Hi, I'm completely new to this to please bare with me, might be a bit long too so sorry...

I'm 27 years old and I have 2 young children and an amazing husband. I usually work as a health care assistant at my local hospital (I'm a bank worker so tend to do 1 full 12 hour shift a week but only for about 1.5 years I was a stay at home mum before).

Around the beginning of the year I noticed some back pain developing and initially didn't think too much of it as I'd had back pain on and off for years. But this was different and just got worse and worse all down my spine and around my hips/pelvis. I also noticed other aches and pains all over and a lot of stiffness in the mornings and severe fatigue.

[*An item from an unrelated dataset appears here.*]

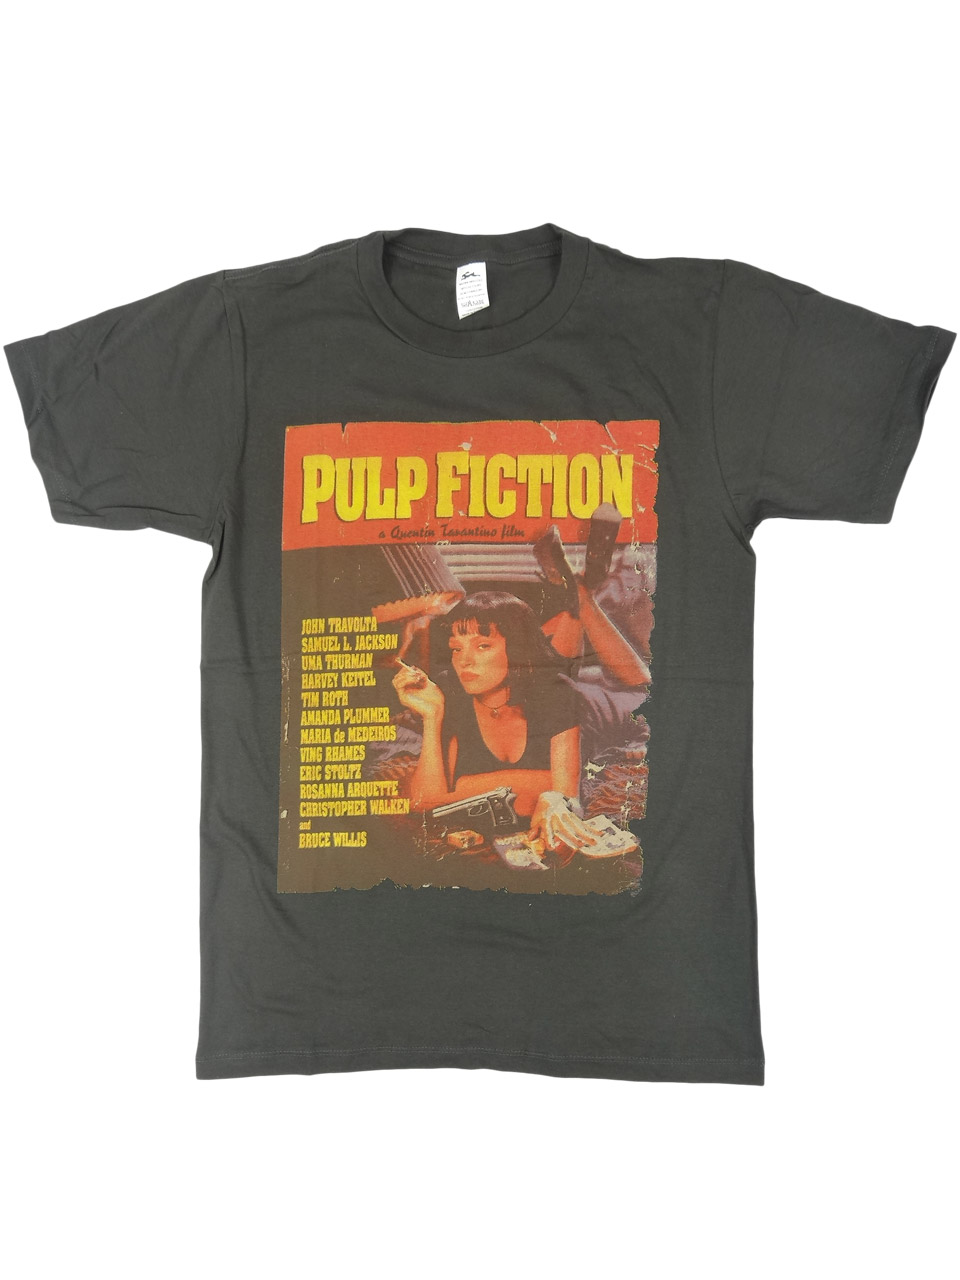 ヴィンテージ風 Tシャツ Pulp Fiction パルプ フィクション brt-0226
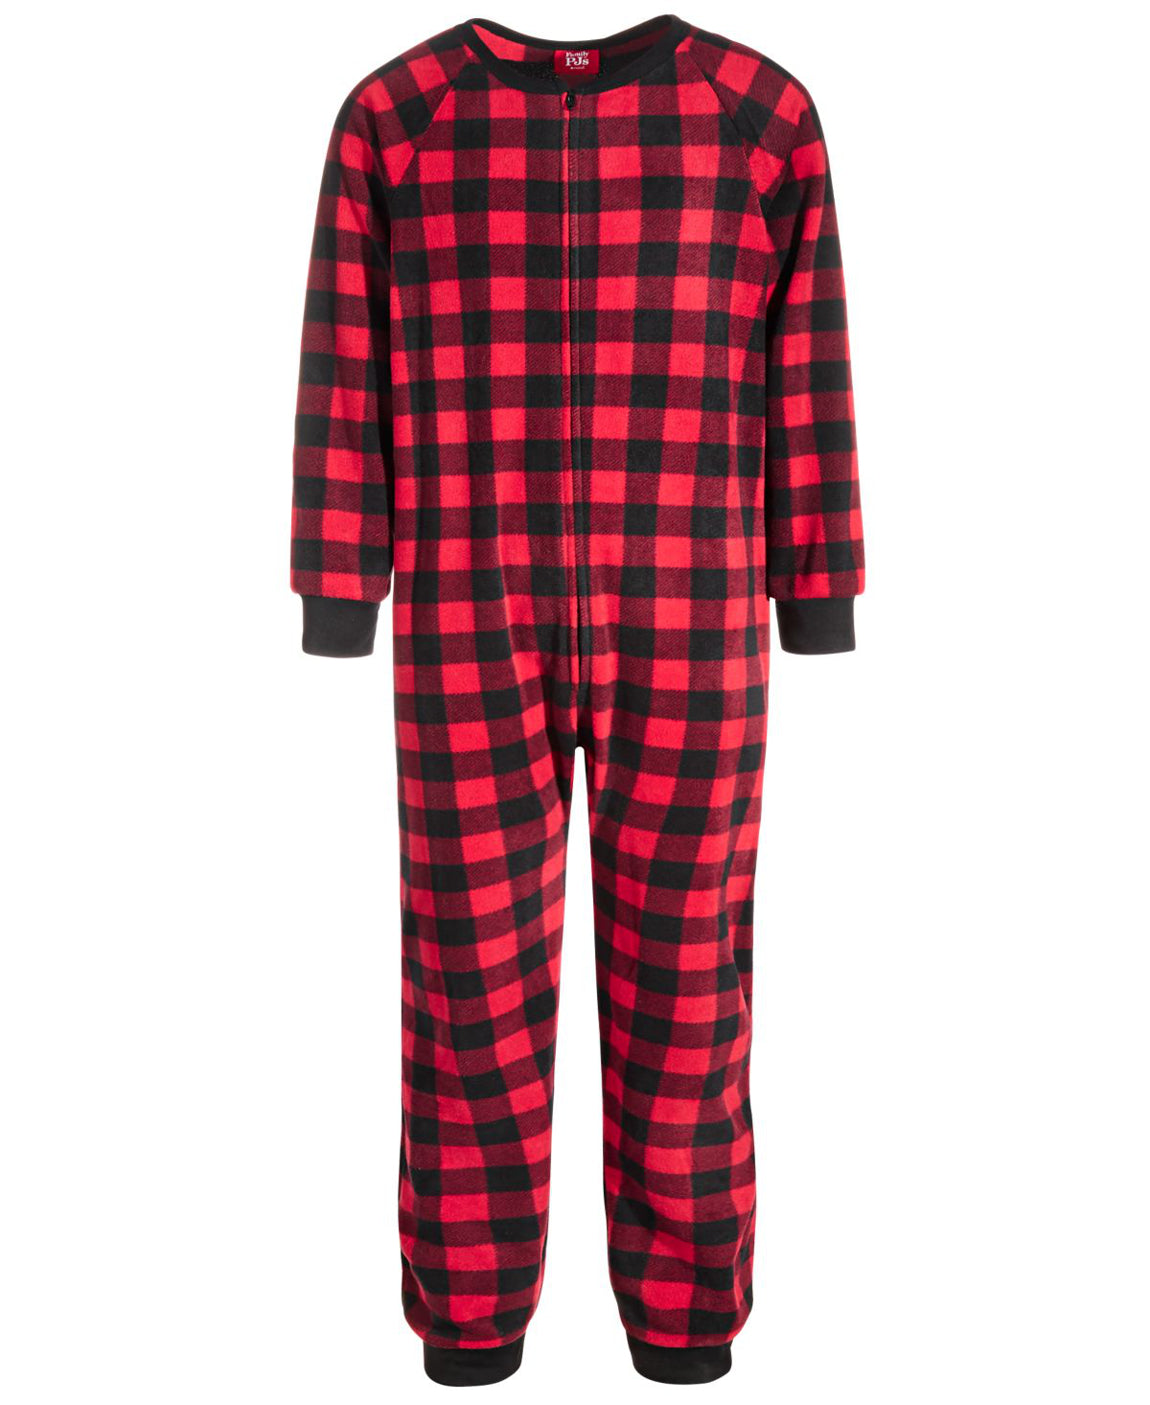 Family Pajamas Little & Big Kids Matching 1-Piece Red Check Printed Pajamas

By mid March I was off sick from work, due to the physical nature of my job I was completely unable to do it.

I also have a problem with my left wrist which is as yet undiagnosed so I had seen a rheumatologist before but had been discharged as they didn't think they had anything to offer other than that I was hla-b27+.

So i got myself referred back to the rheumatologist and saw them in April. They seemed to believe I had a form of Axial Spondyloarthritis based on my symptoms and family history. She gave me some anti inflammatories (etoricoxib), advice and sent me for and mri.

The mri didn't show any inflammation but did so some degenerative changes, particularly at l4-l5 and t7-t8 where I have a small disc herniation but that doesn't seem to be causing my issues (so they say).

So now I've just been told to keep taking painkillers and nsaids indefinitely and try physio (clearly they don't communicate because I've been having physio since april and am just about to finish up my course of hydrotherapy).

So now I don't know where to go from here. I use crutches from my physio to walk because it's too painful to walk. I'm in pain literally all the time. I wake up in pain in the night. I'm so stiff Its just awful. And i have to wear a splint on my wrist almost all day when I'm out. I take cocodamol and etoricoxib but I'm under the impression they may not let me have the etoricoxib from now on since the rheumatologist doesn't want to know.

I'm so young and can't work or play with my kids and my husband has to help with everything because I can't do it. It's so unfair.

Sorry for rambling it's nice to get it off my chest I'd nothing else.

Thanks.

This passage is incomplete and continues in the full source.